• DATA SHOWN:

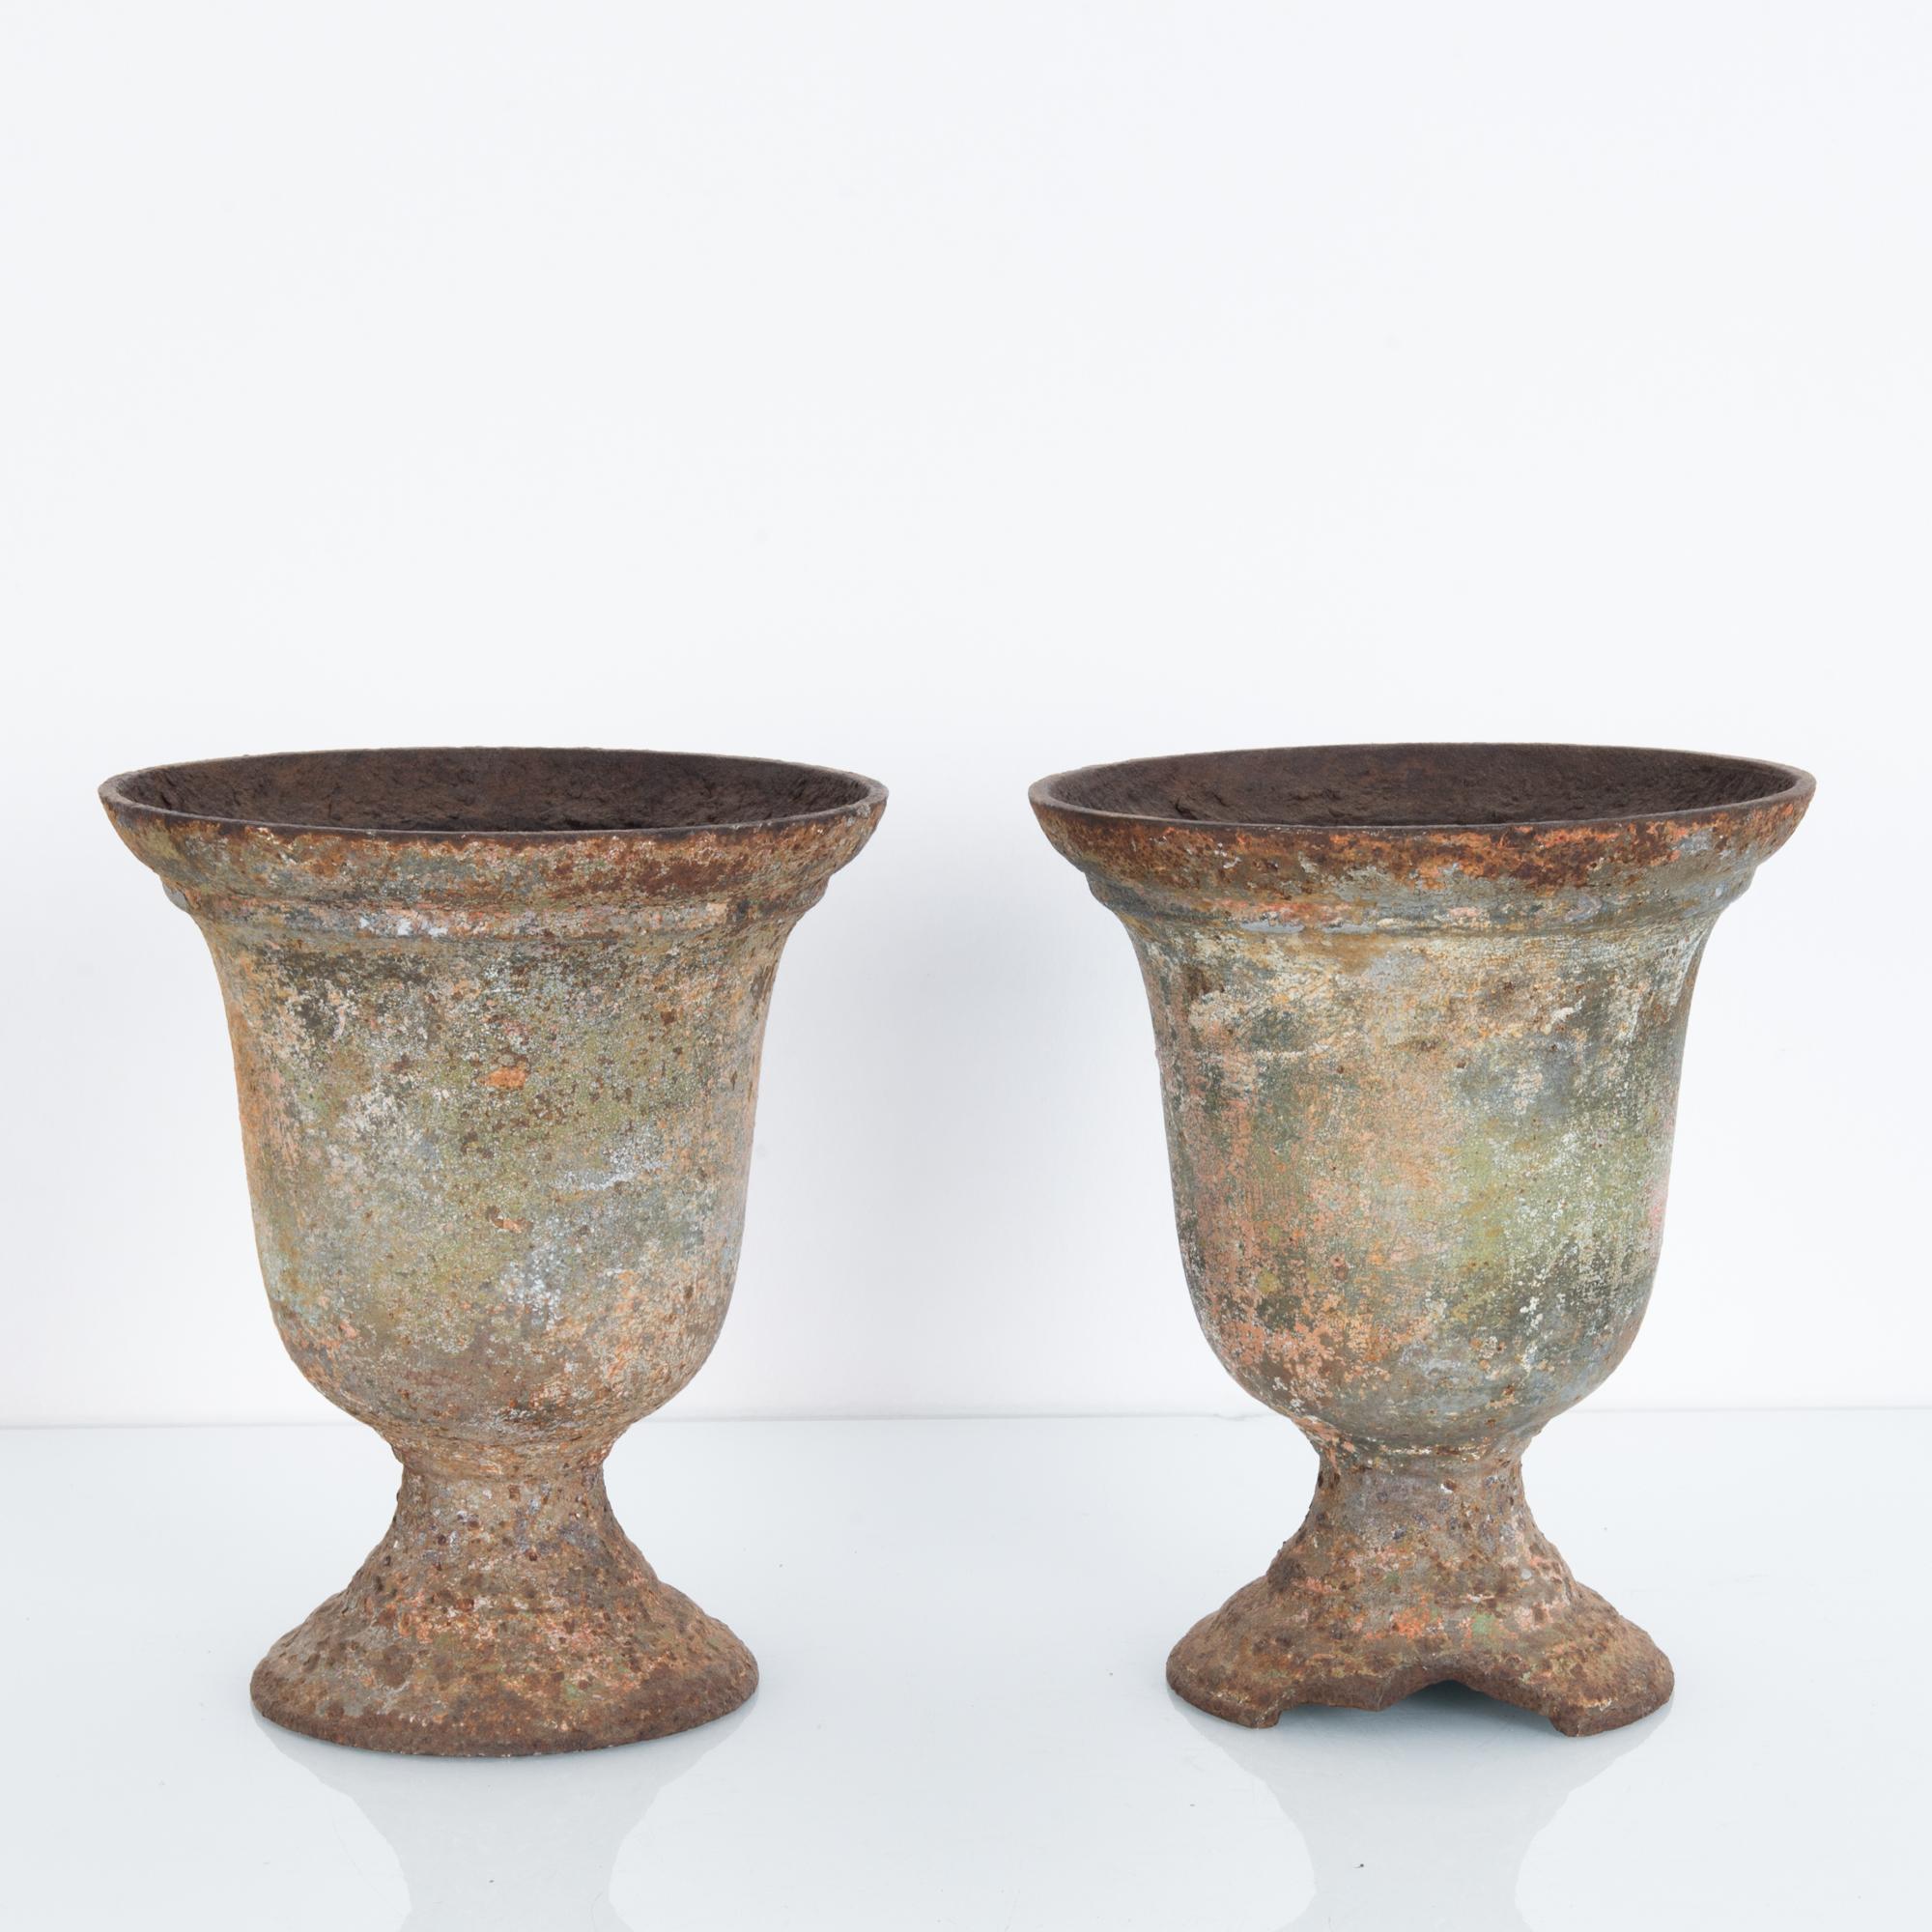 A pair of cast iron planters from France, circa 1900. A simple campana shape with an aged patina. Oxidation gives a color palette of rust tones, terracotta and verdigris. The weathering of the cast iron — including a missing portion of the base of
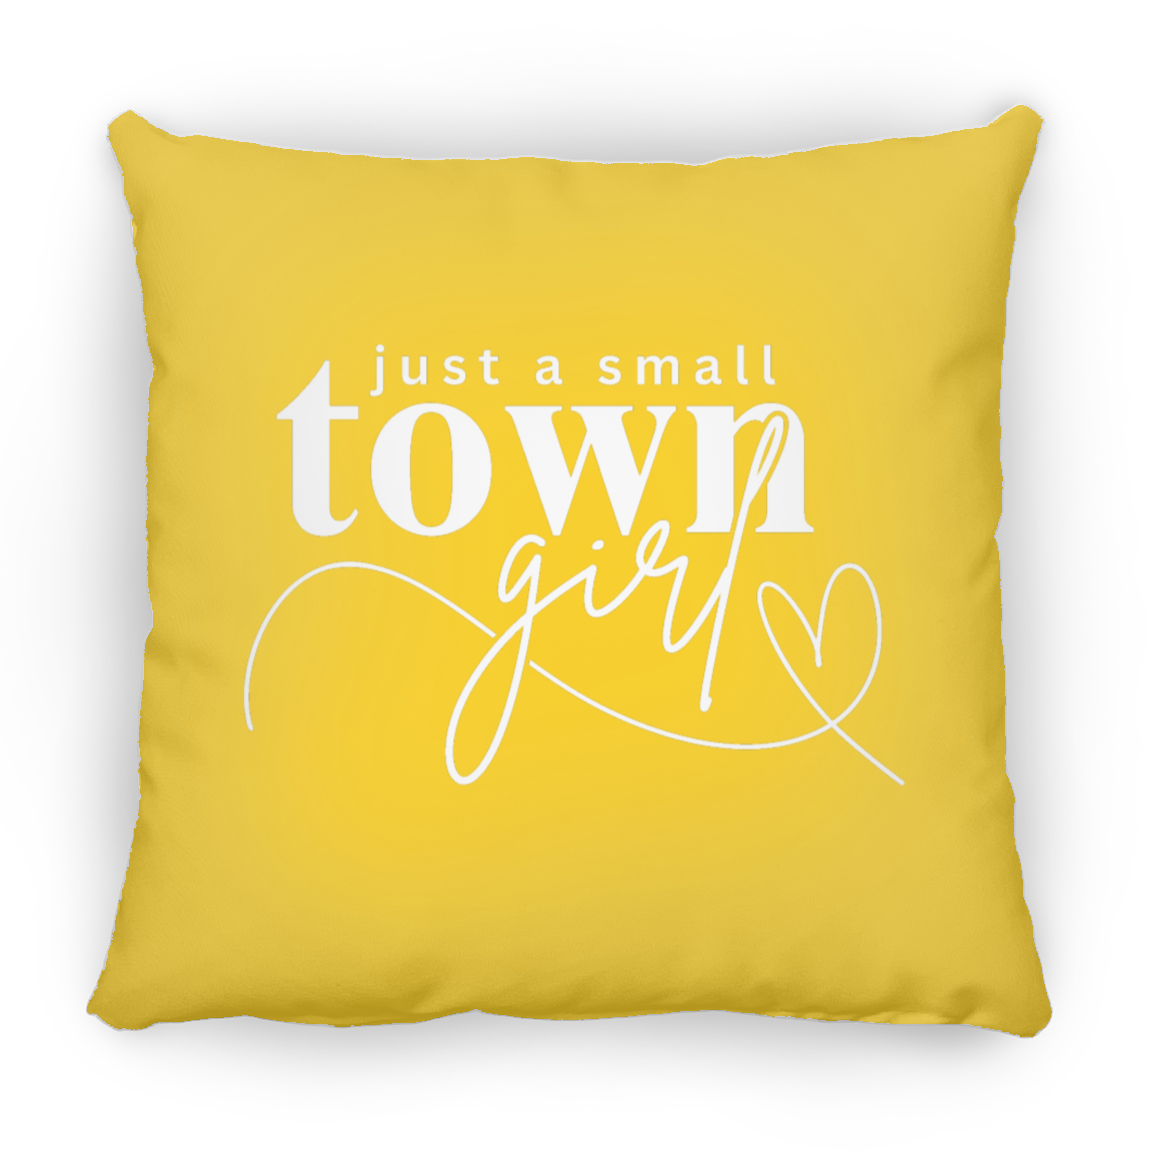 Small Square Pillow 14x14, Just a Small Town Girl, White Print
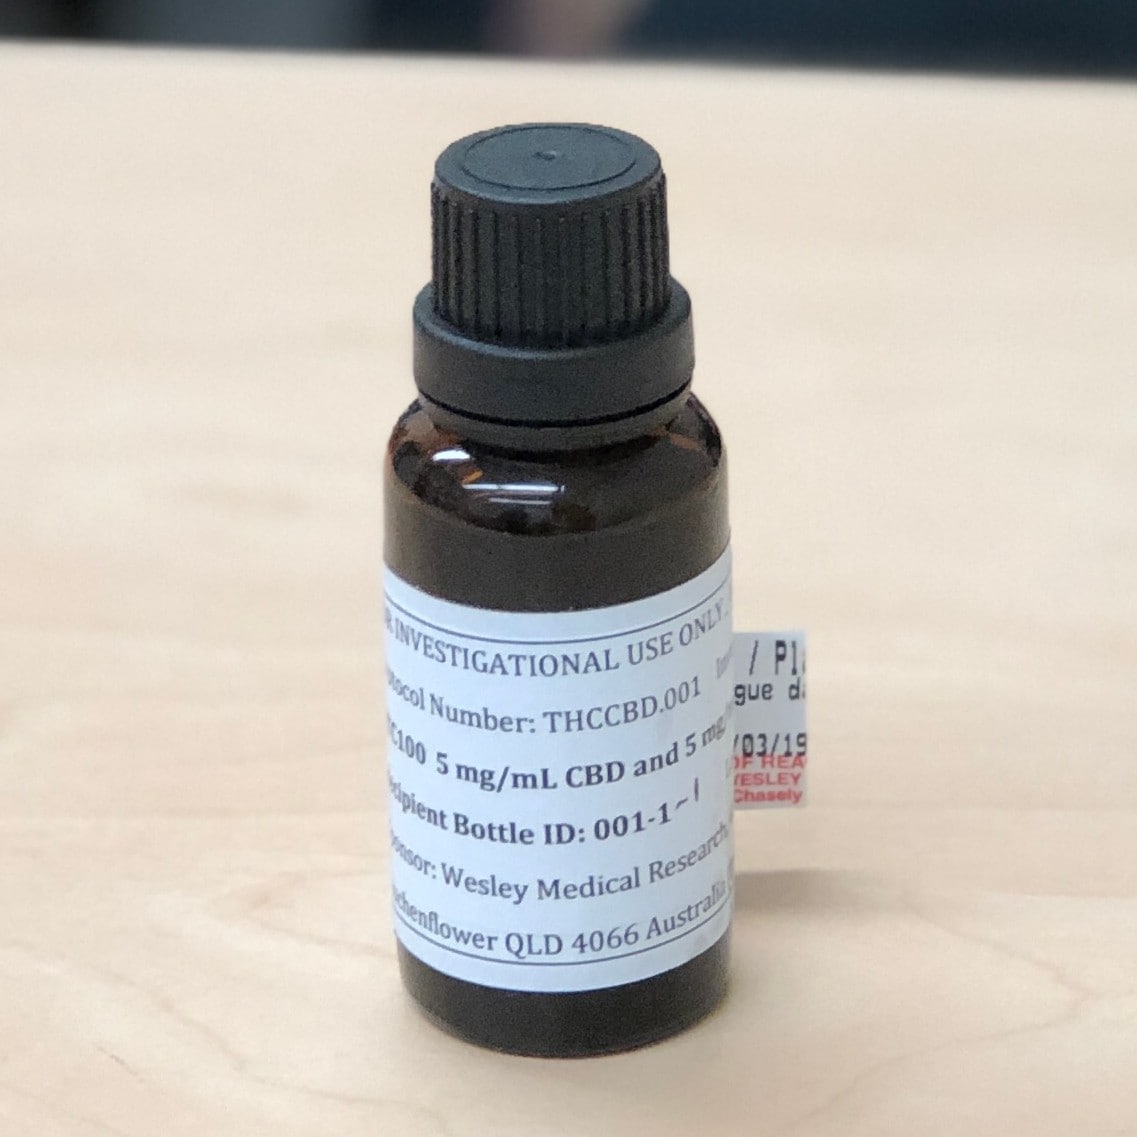 Photo of a small bottle containing medicinal cannabis
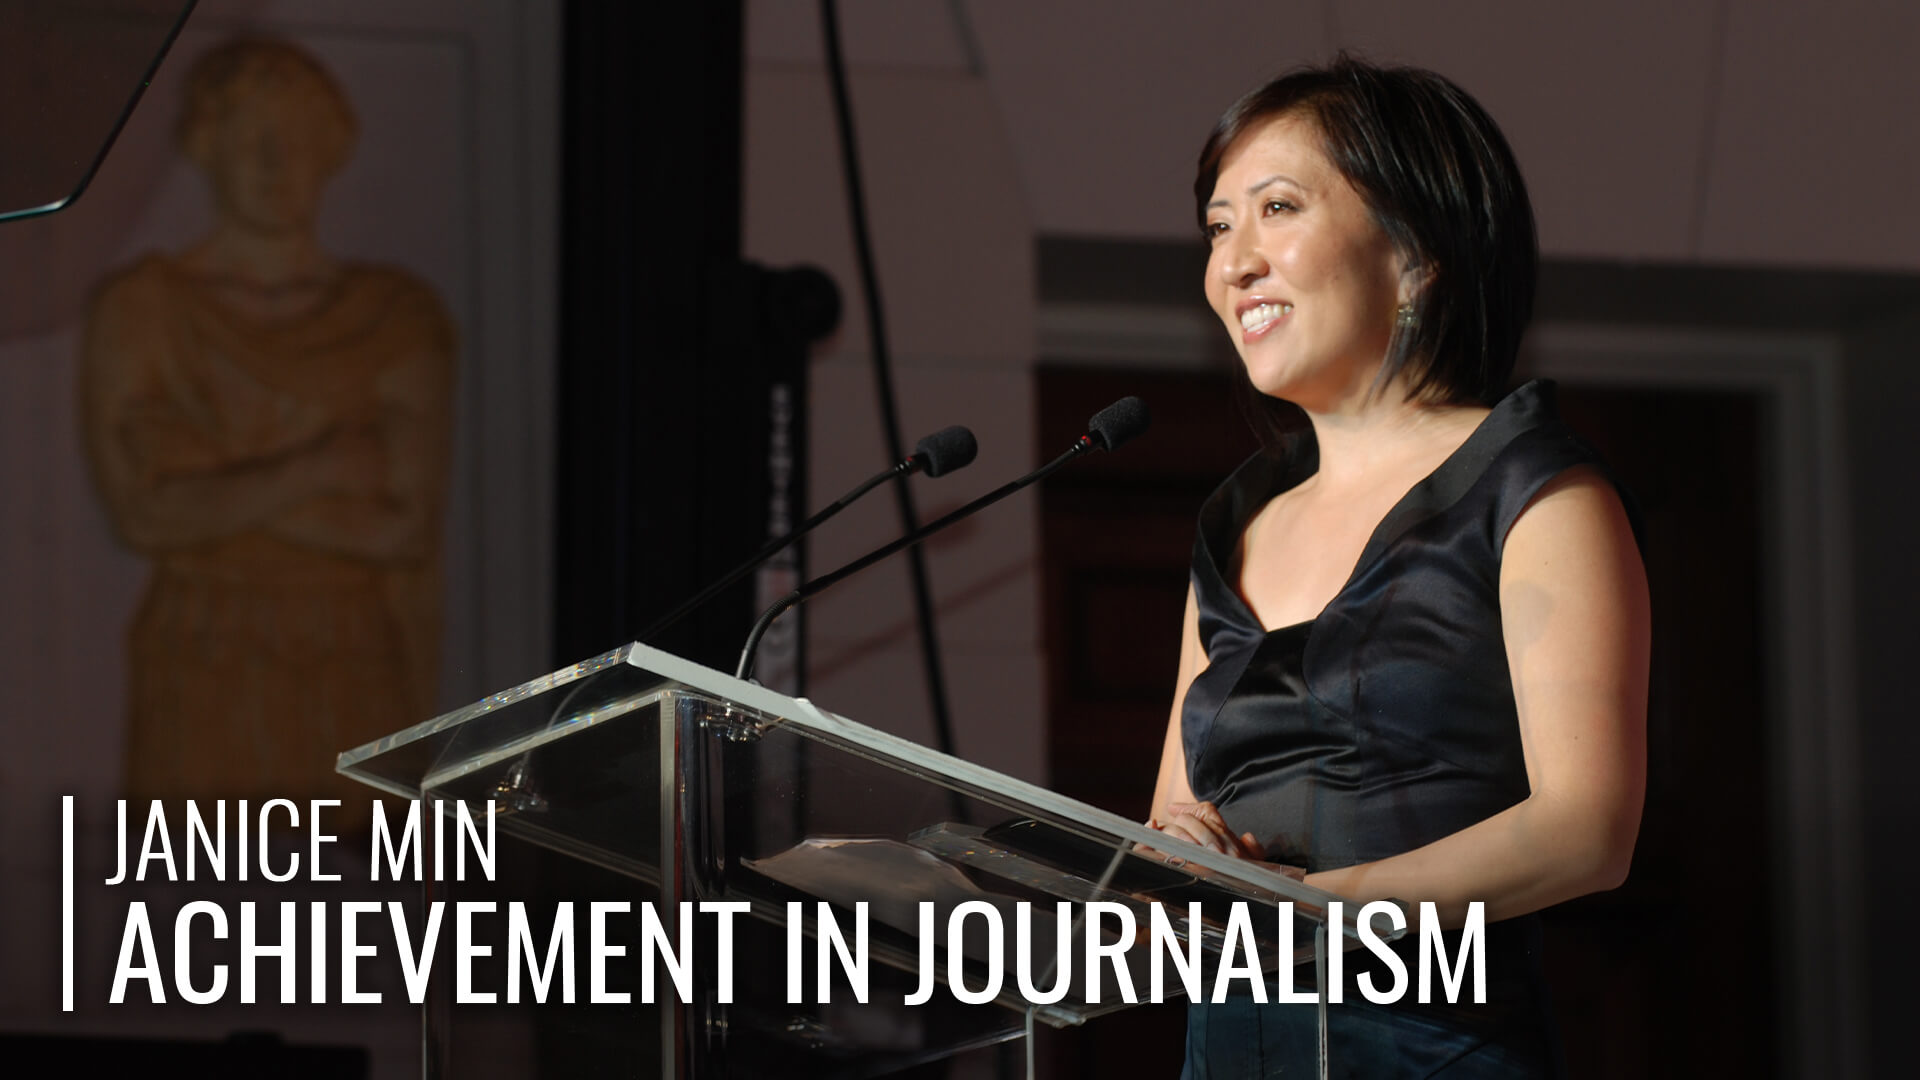 Janice Min Wins Achievement in Journalism at the 2009 Unforgettable Gala

• TASK DETAILS: Print the data once more without any change, skipping each picture.

• WRITTEN REPLY:
 A pair of cast iron planters from France, circa 1900. A simple campana shape with an aged patina. Oxidation gives a color palette of rust tones, terracotta and verdigris. The weathering of the cast iron — including a missing portion of the base of
 Small Square Pillow 14x14, Just a Small Town Girl, White Print
 Photo of a small bottle containing medicinal cannabis
 Janice Min Wins Achievement in Journalism at the 2009 Unforgettable Gala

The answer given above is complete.